Reykjavik, the capital of Iceland, may be a small city by international standards, but it has a lot going for it.

Like any European capital, the city is packed with great restaurants, lively bars and a good range of hotels for all budgets. The city hosts a number of annual festivals, several excellent museums and a great music and cultural scene. Reykjavik’s architectural style of brightly coloured buildings, with traditional corrugated iron-clad houses alongside ultra-modernist blocks make it a curious and explorable city.


But perhaps even more importantly, virtually every northern lights tour starts and ends in the city. Most visitors assume Reykjavik will be a stopping-off point to explore the rest of the island and see the lights, but with stunning scenery right on the city’s doorstep you can find some excellent viewing spots just a short drive from your hotel.

Most people come to Iceland hoping to see the northern lights, and there are many spots near Reykjavik from where it’s possible to catch a great light show, if the conditions are right.

Grótta lighthouse, to the northwest of the city, is where the skies are darkest and where the sea meets land, creating a unique atmosphere. If the northern lights are visible here, you might see some spectacular reflections in the water. The area is also free to access. The lighthouse is a 10-minute taxi ride from Reykjavik City Hall.
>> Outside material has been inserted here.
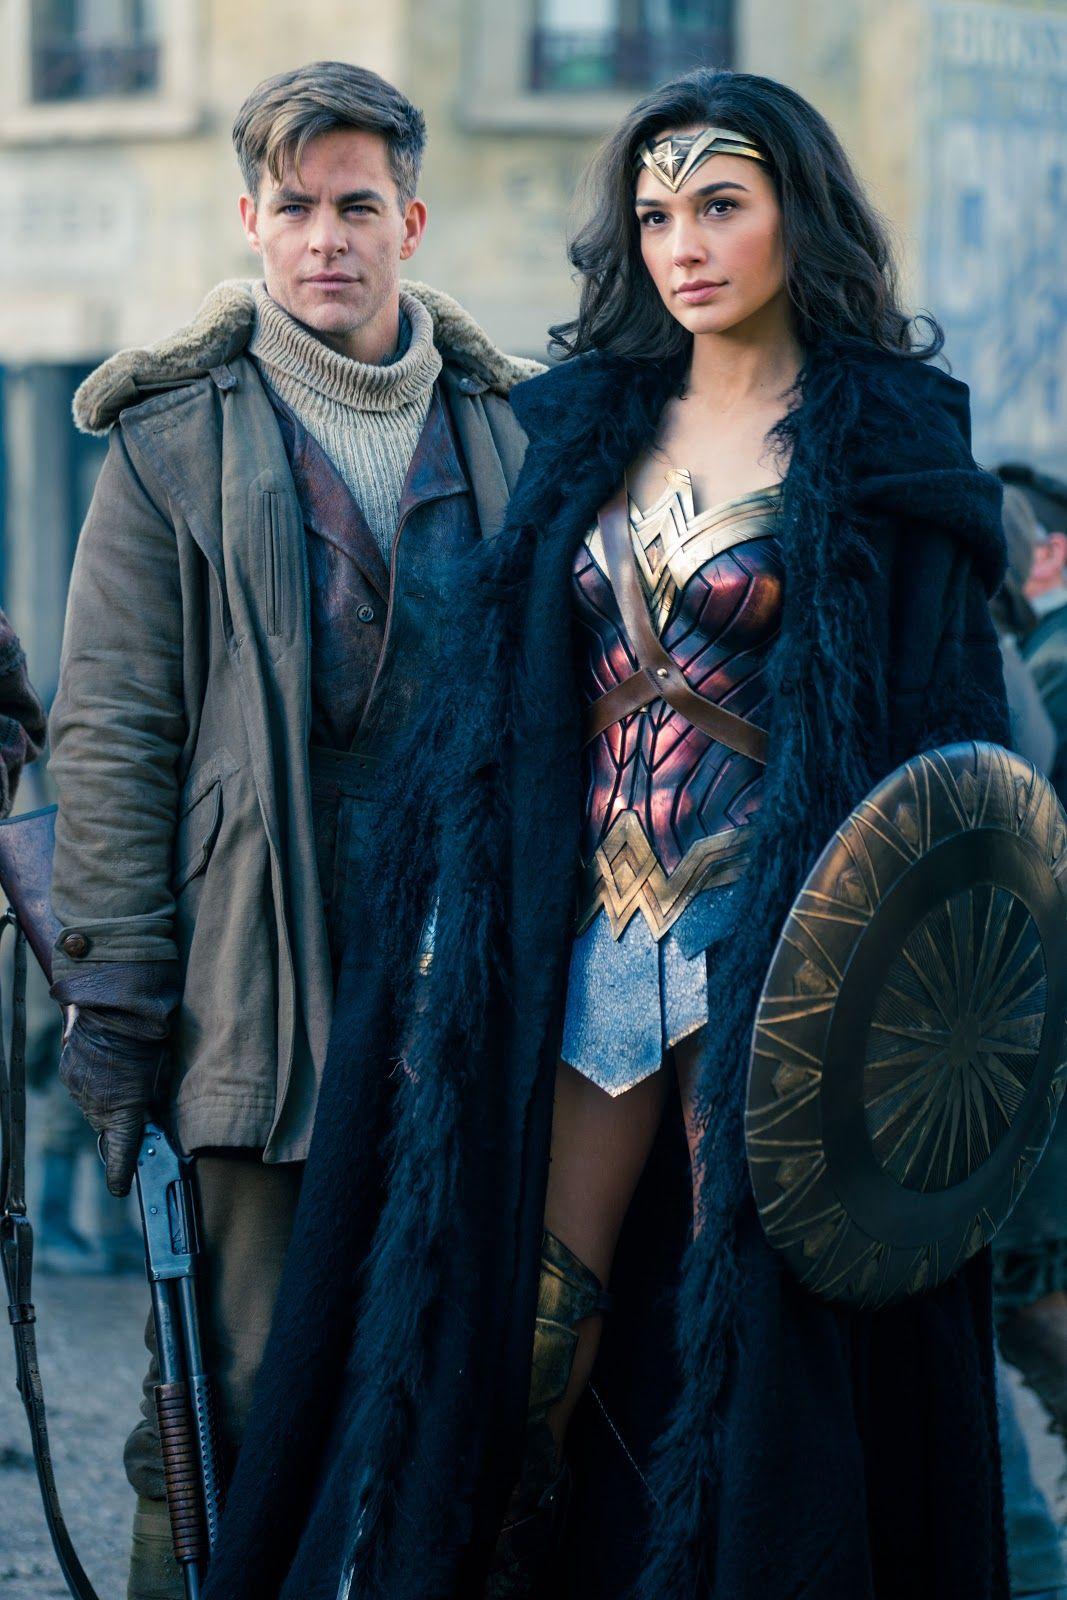 New Hi Res Wonder Woman Stills Released Online Page 15 Of 20 Gal Gadot Wonder Woman Wonder Woman Movie Wonder Woman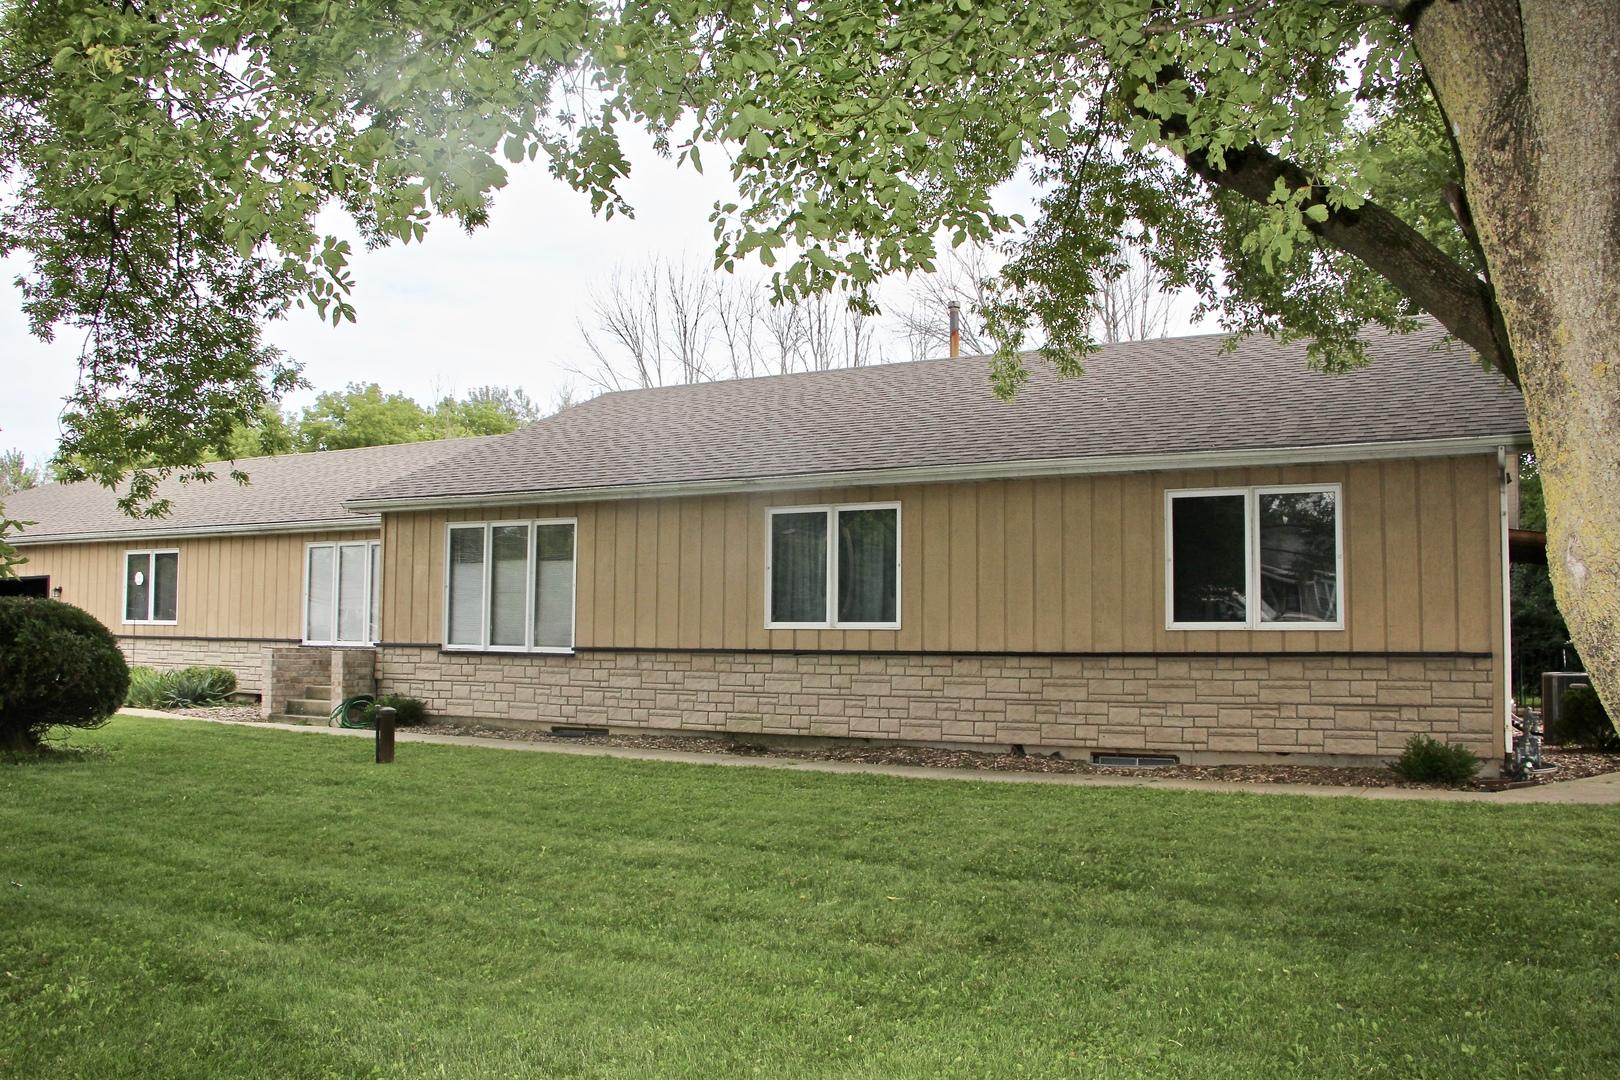 12285 W Yorkhouse Rd, Beach Park IL 60087

Öskjuhlíð Hill is the closest viewing site to central Reykjavik, close to Perlan on a hill behind Hallgrimskirkja. Here, the lights reflect and dance on the snow on the surrounding mountains and can be wonderful to see. Take bus number 18 from Hlemmur Bus Terminal to Perlan (a single fare costs ISK 440 each way).

At a glance

As the hub for your holiday, Reykjavik has a lot going for it. Being compact but with many hotels and attractions, it’s easy and convenient to get around. And unlike some of the country’s other viewing locations, there’s no need for off-road vehicles to catch a light show!

Reykjavik is where you’ll find experienced northern lights tour companies, and there is also a specialised observer base for the lights. Perhaps unsurprisingly, the Icelandic Meteorological Office is one of the world’s leading authorities on aurora forecasting. Experienced forecasters use satellite images to provide a live picture of where to find the northern lights across Iceland on their website.

The city is close to Iceland’s only international airport and there are domestic flights to other destinations across the island.

There are drawbacks to light spotting in Reykjavik of course. As a small but buzzing city, there is some light pollution, which can make it less than ideal. That said, when the aurora forecast looks especially good, city authorities will sometimes switch off the street lights to give residents a clearer view.

Remember that Iceland is an increasingly popular and busy place, and during the autumn and winter months, the private and small group tour companies are regularly fully booked. And you won’t be the only one chasing the lights--there will be lots of coach parties out hoping to catch the light show.

Other attractions

Of course, being a natural phenomenon there’s no guarantee that you’ll see the lights. But whether you see them or not, there are many other attractions in and around Reykjavik to make for a wonderful holiday.

Best-known is the Golden Circle tour of the region’s waterfalls, lagoons and geysers. The tour typically lasts a full day, but half-day tours are available.

In the city, there’s Hallgrímskirkja, a modern church which offers uninterrupted views across the city and the surrounding natural sights (entrance ISK 900).

Reykjavik's annual festivals are a mainstay of the city’s cultural scene. The world-famous Iceland Airwaves festival takes place in early November, in late November there are Christmas carols at the Lighting of the Oslo Christmas Tree and the Winter Lights Festival in early February sees the city’s attractions covered in glowing lights.

At the Secret Solstice Festival (mid-June, during the summer solstice) top musical acts play over 48 hours during constant daylight. Shortly after, Iceland celebrates its National Day (June 17) when the city centre comes alive with parties, food stalls, and re-enactments of Viking battles.

Reykjavik boasts several excellent museums, many of which are dedicated to the country’s Viking past, including Arbaer Open Air Museum (entrance ISK 1,600) which houses an authentic Viking settlement; The Settlement Exhibition - Landnámssýningin (entrance ISK 1,600) which is an interactive museum dedicated to the city’s Viking legacy; and Culture House - Safnahúsið (entrance ISK 2,000) which displays artefacts of historical significance.

For something a little more unusual there is the Phallological Museum, dedicated to more than 200 penises of animals, fish, and humans (entrance ISK 1,500).

And of course, there’s plenty of shopping to be had on Iceland's main shopping street, Laugavegur, in the centre of the city.